[Work task]: After locating the line that holds "Derrimut/Deer Park Buy, Sell, Swap", copy that line and all that follow it word for word through the end of the data, with no pictures.

[Information supplied]:

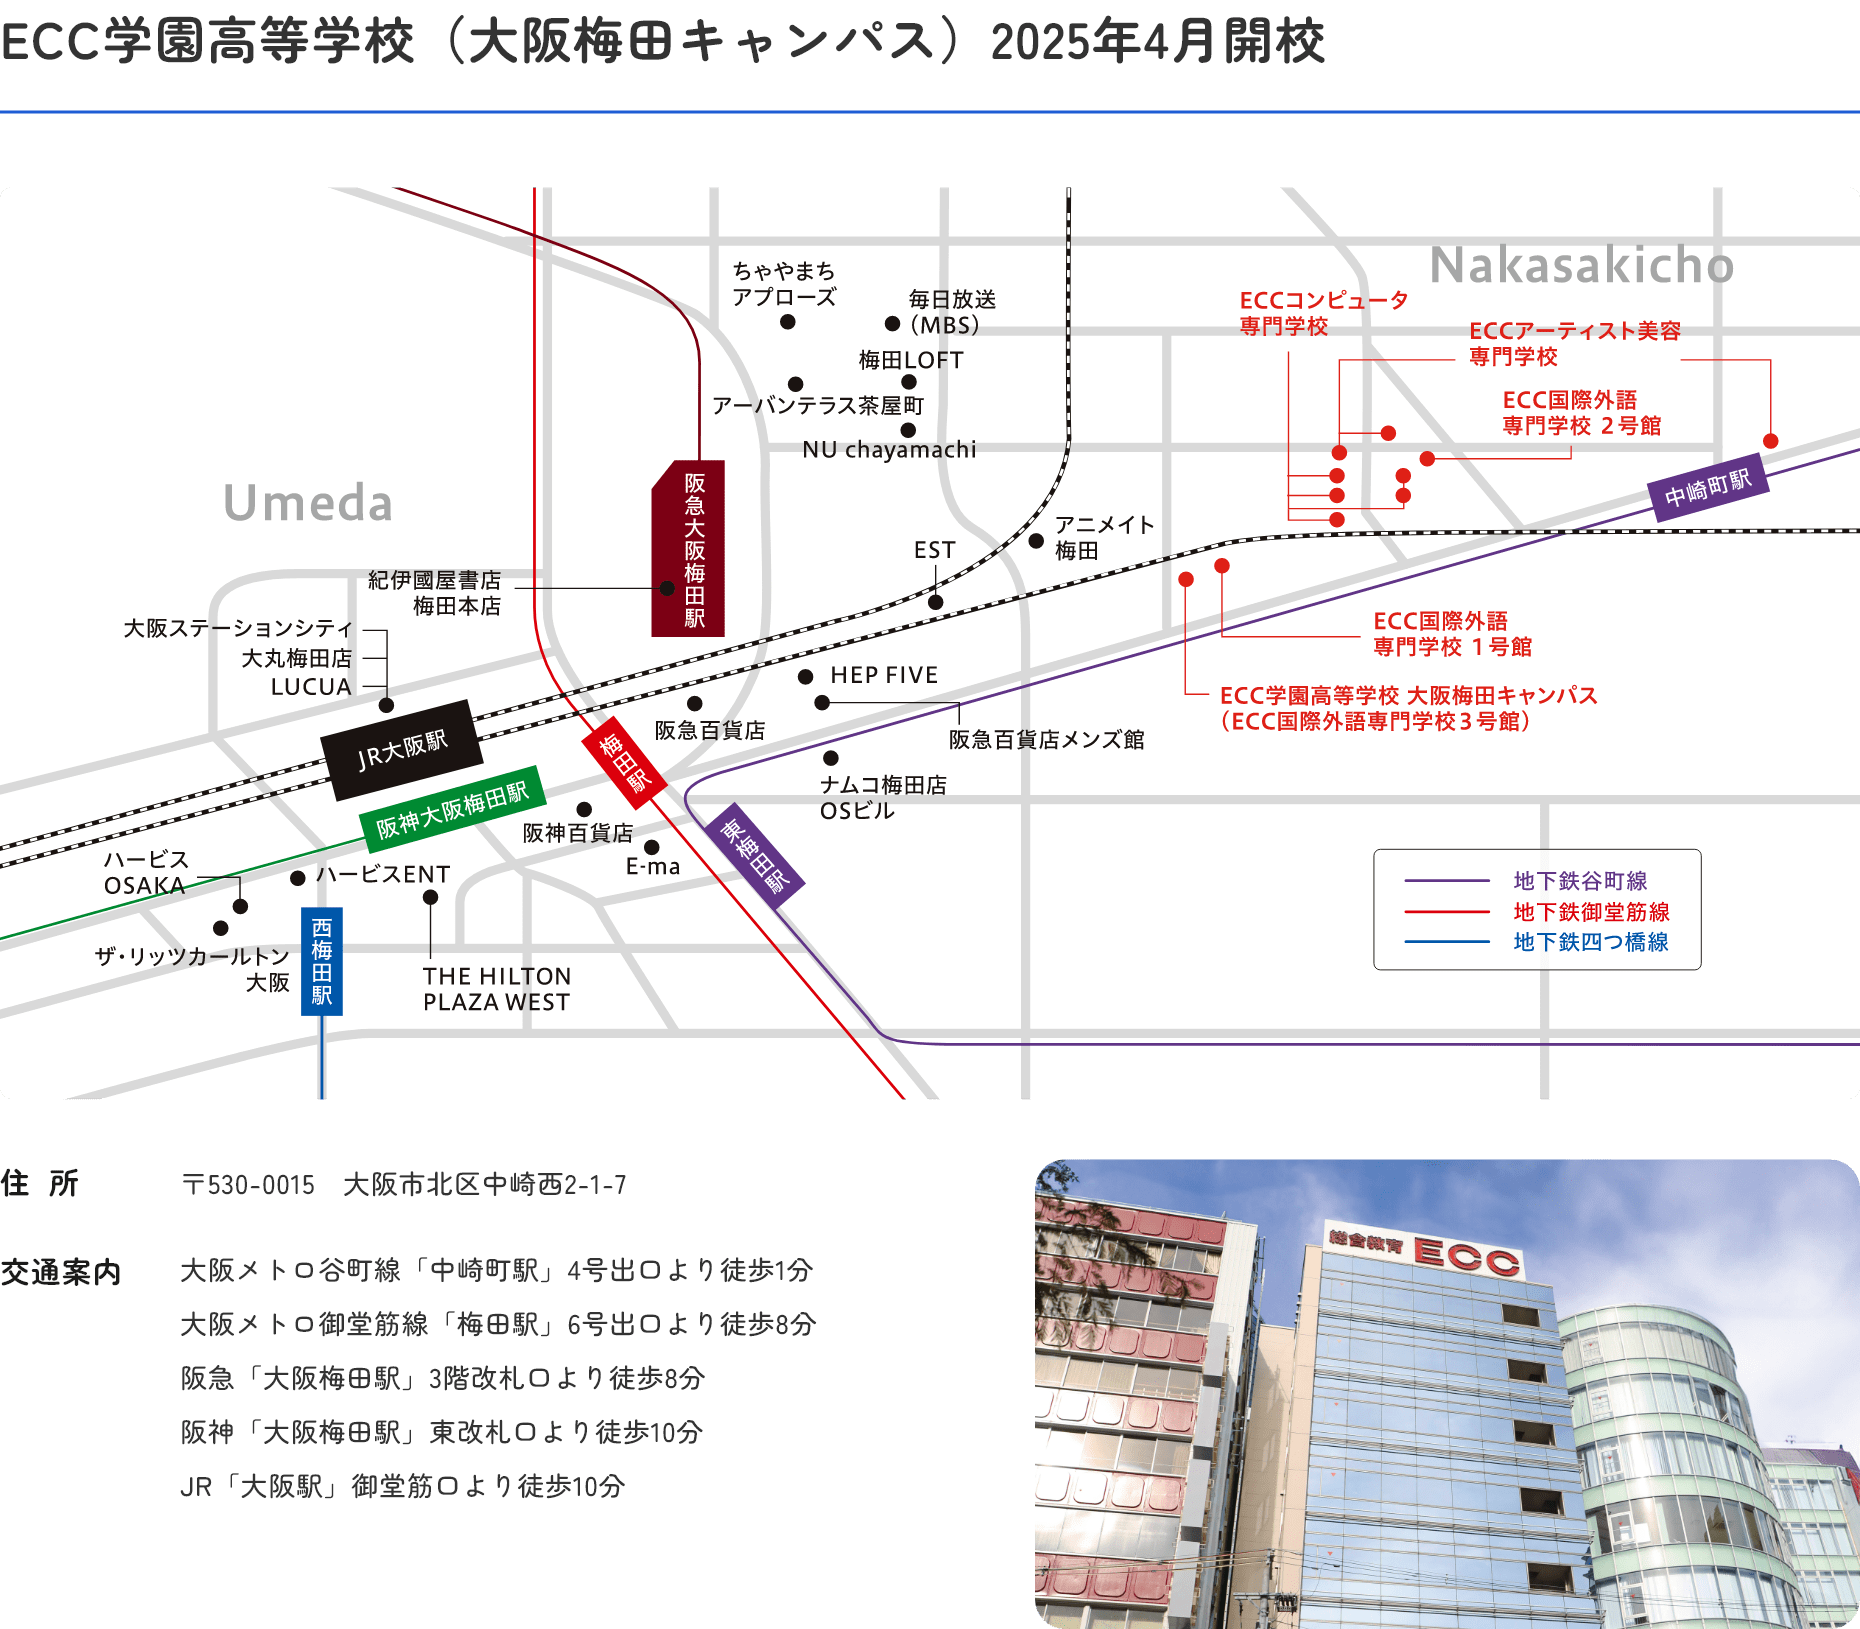 ECC学園高等学校（大阪梅田キャンパス）2025年4月開校
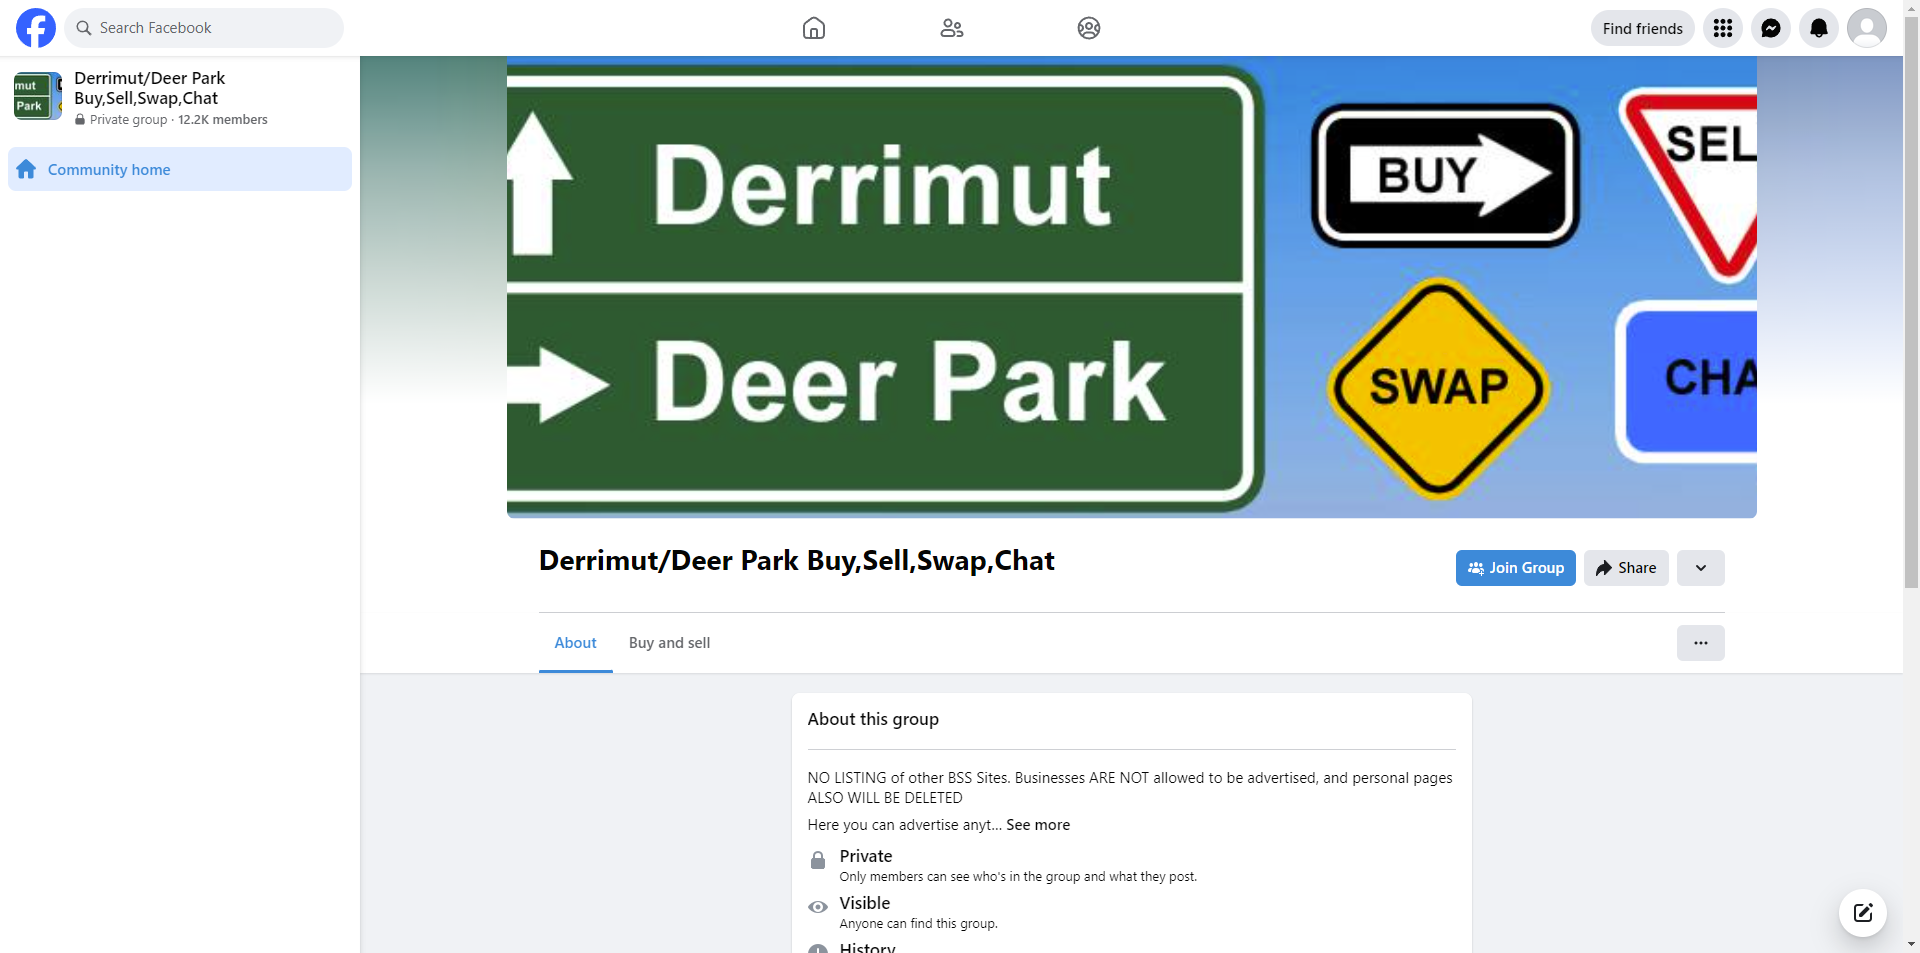 Derrimut/Deer Park Buy, Sell, Swap
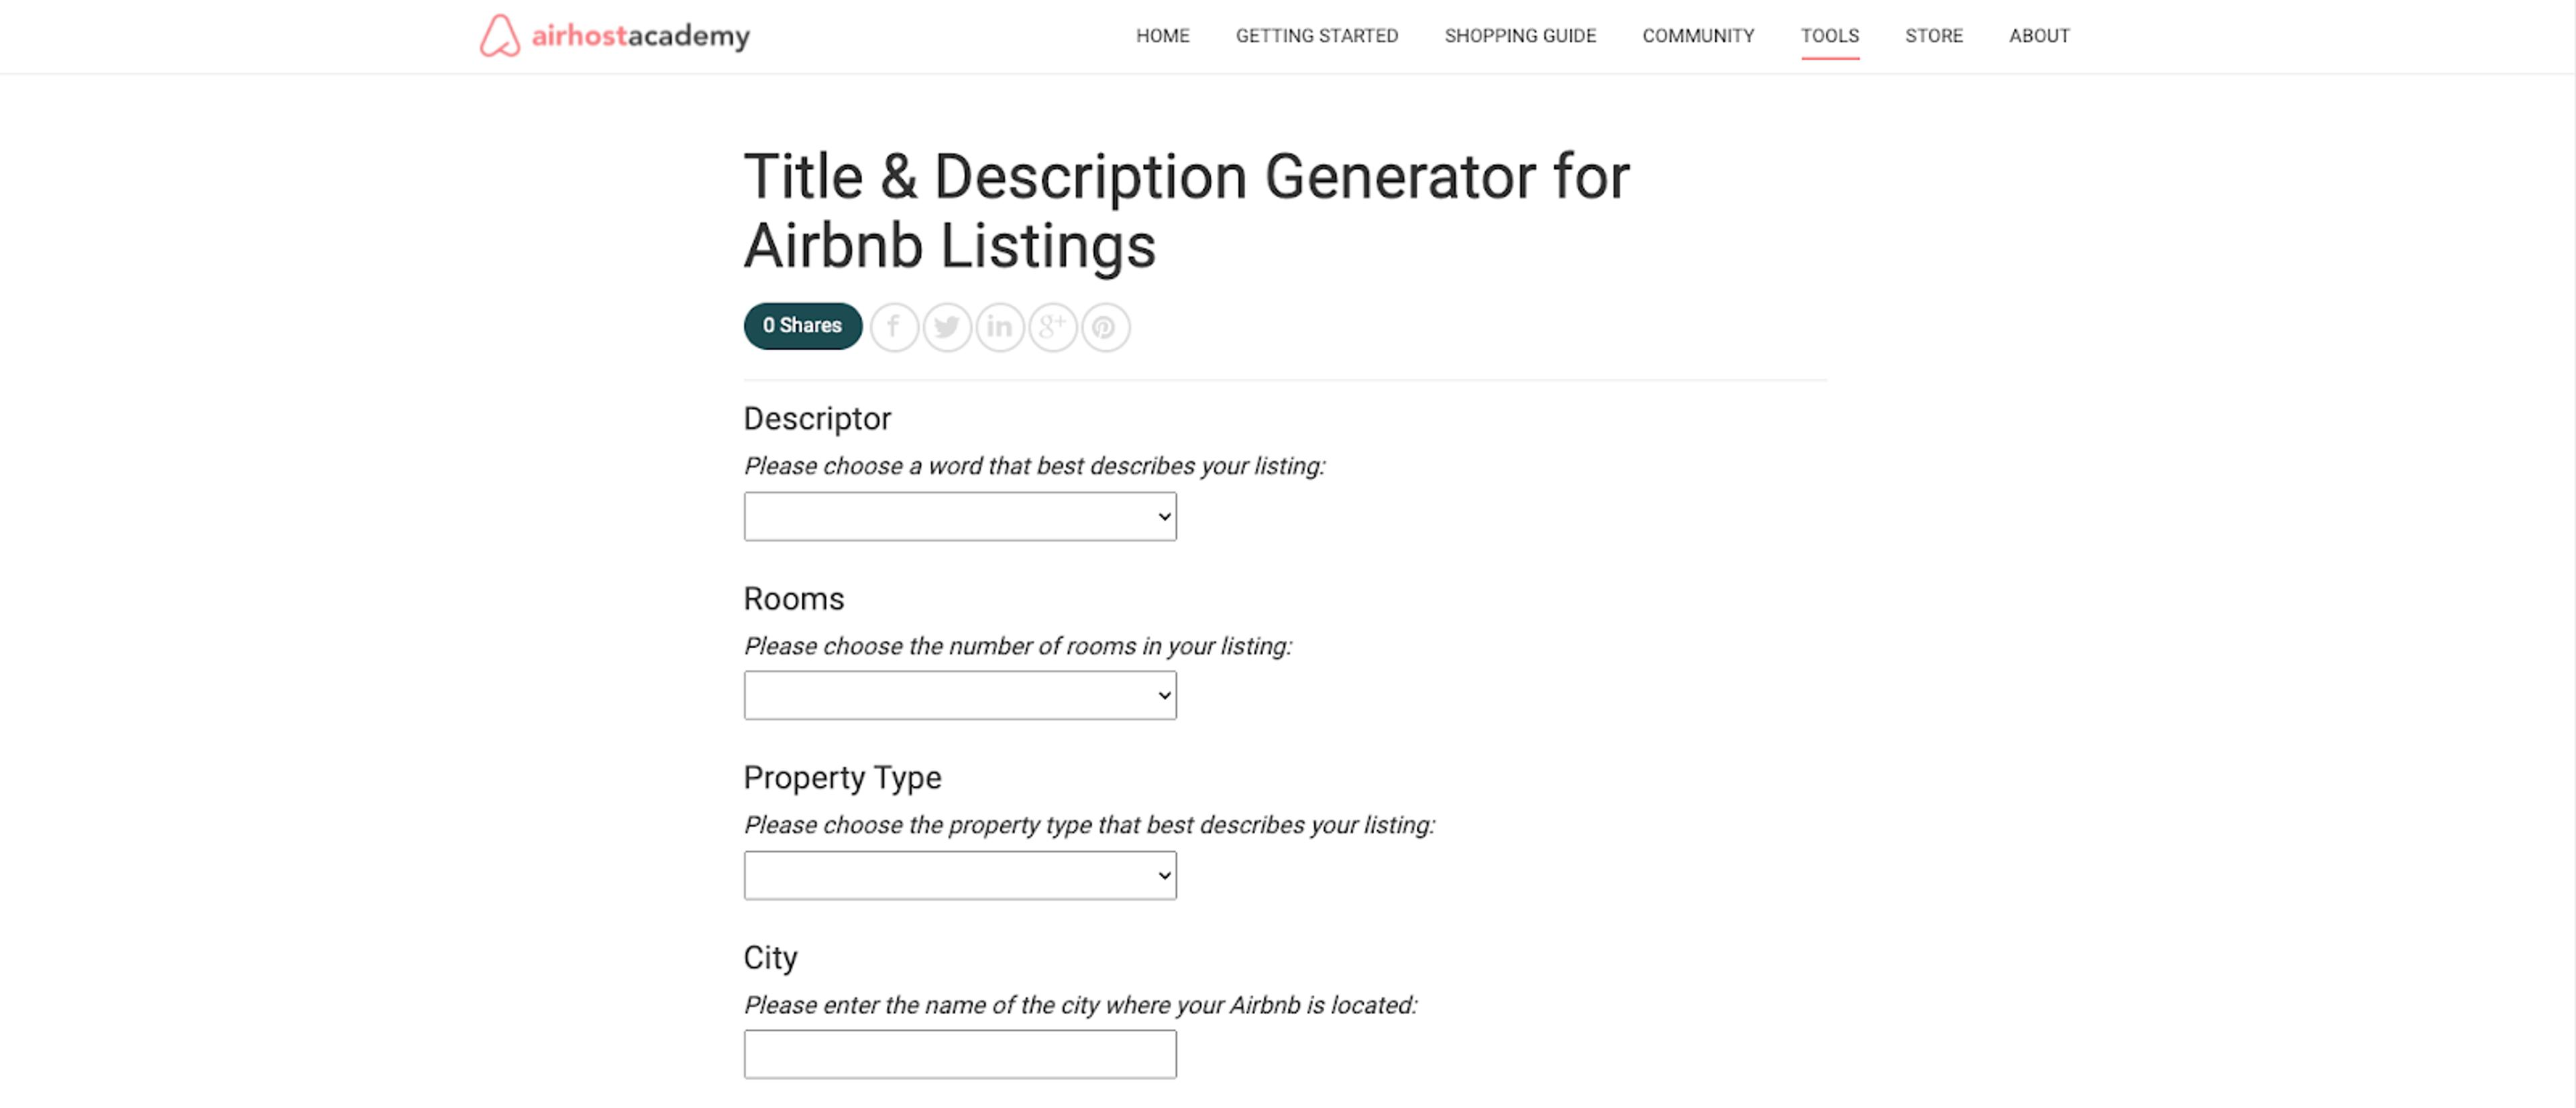 Airbnb Description Generator

[Response area]:
 Derrimut/Deer Park Buy, Sell, Swap
 Airbnb Description Generator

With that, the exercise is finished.